In 1986, the NRC revoked the license of a Radiation Technology, Inc. (RTI) facility in New Jersey for having 32 worker-safety violations, including throwing radioactive garbage out with the regular trash and bypassing a key safety device. As a result of this negligence, RTI's founder and chairman, Martin Welt, was eventually indicted and convicted on felony counts of misleading the NRC and filing false nuclear safety reports.

As a result of the numerous health and ecological threats, coupled with spirited grassroots initiatives, the irradiation industry has faced an uphill battle in its efforts to convince the public to embrace its risky technology. But the once emaciated industry is now being resuscitated by a wave of new government- and corporate-sponsored public relations initiatives that are seeking to "train" the public about the supposed benefits of food irradiation. In addition to the steady stream of dubious claims of safety and simplicity, irradiation proponents are working hard to confuse the public by lobbying Congress and petitioning the FDA to change the labeling of irradiated foods. Current regulations require that irradiated foods bear the label "Treated by Irradiation." Under pressure from the industry and Congress, FDA is considering changing the labeling to a misleading, and therefore less alarming, term for the technology, such as "cold pasteurization."

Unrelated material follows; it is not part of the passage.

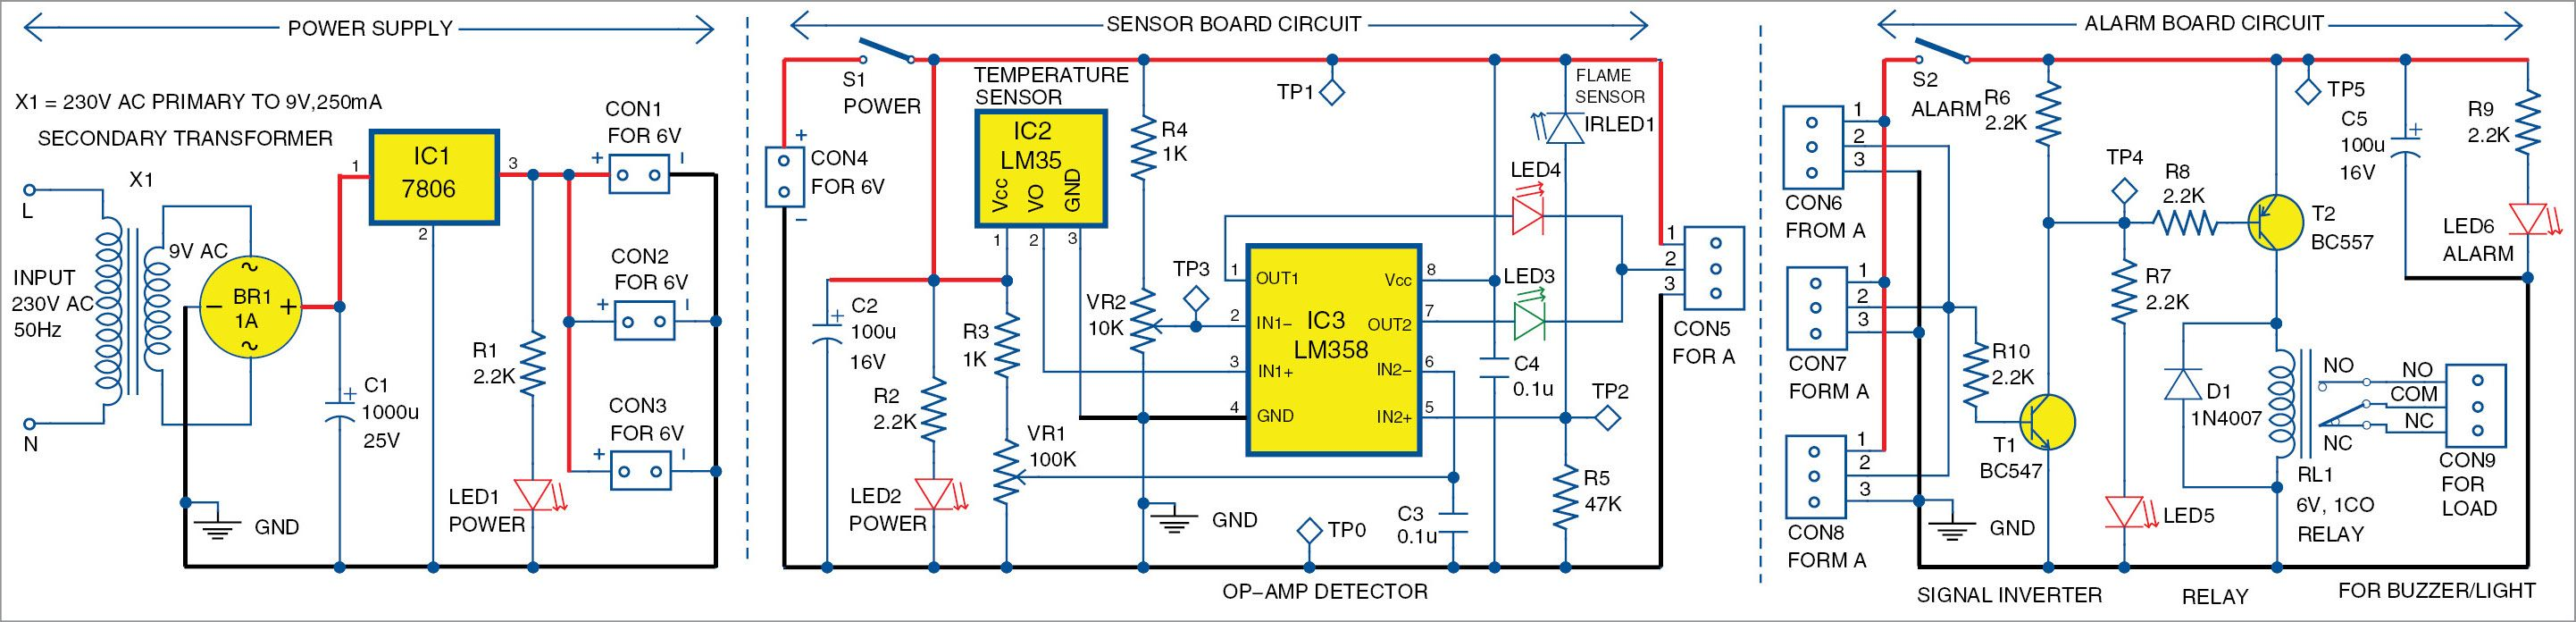 hight resolution of simple multi sensor fire alarm
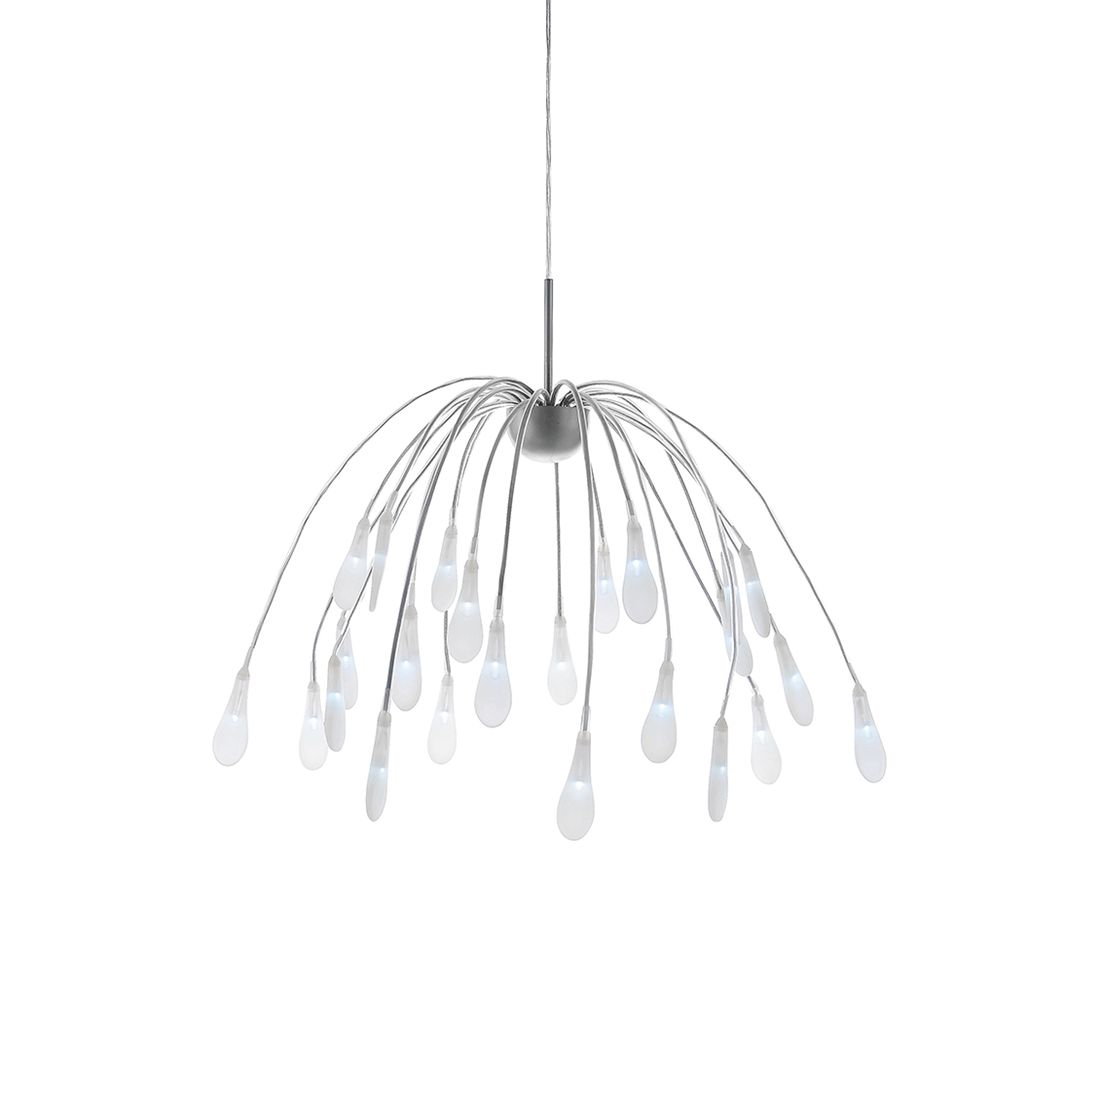 LED-Pendelleuchte Akuma by Leuchten Direkt ● Eisen/Kunststoff ● Silber- Leuchten Direkt A+

While such underhanded public relations stunts may make it more difficult for the public to recognize and avoid irradiated foods in the marketplace, one poll after another still indicates that citizens remain extremely distrustful of food irradiation. Putting an end to the irradiation madness will require a continued and tenacious grassroots presence that galvanizes citizen opposition to the technology and seeks to hold wholesale and retail food corporations accountable. But the ultimate nail in the food irradiation coffin will come as a result of a citizenry and culture that turns its back on industrial food and the false and dangerous technological gimmicks, like food irradiation, that continuously prop it up.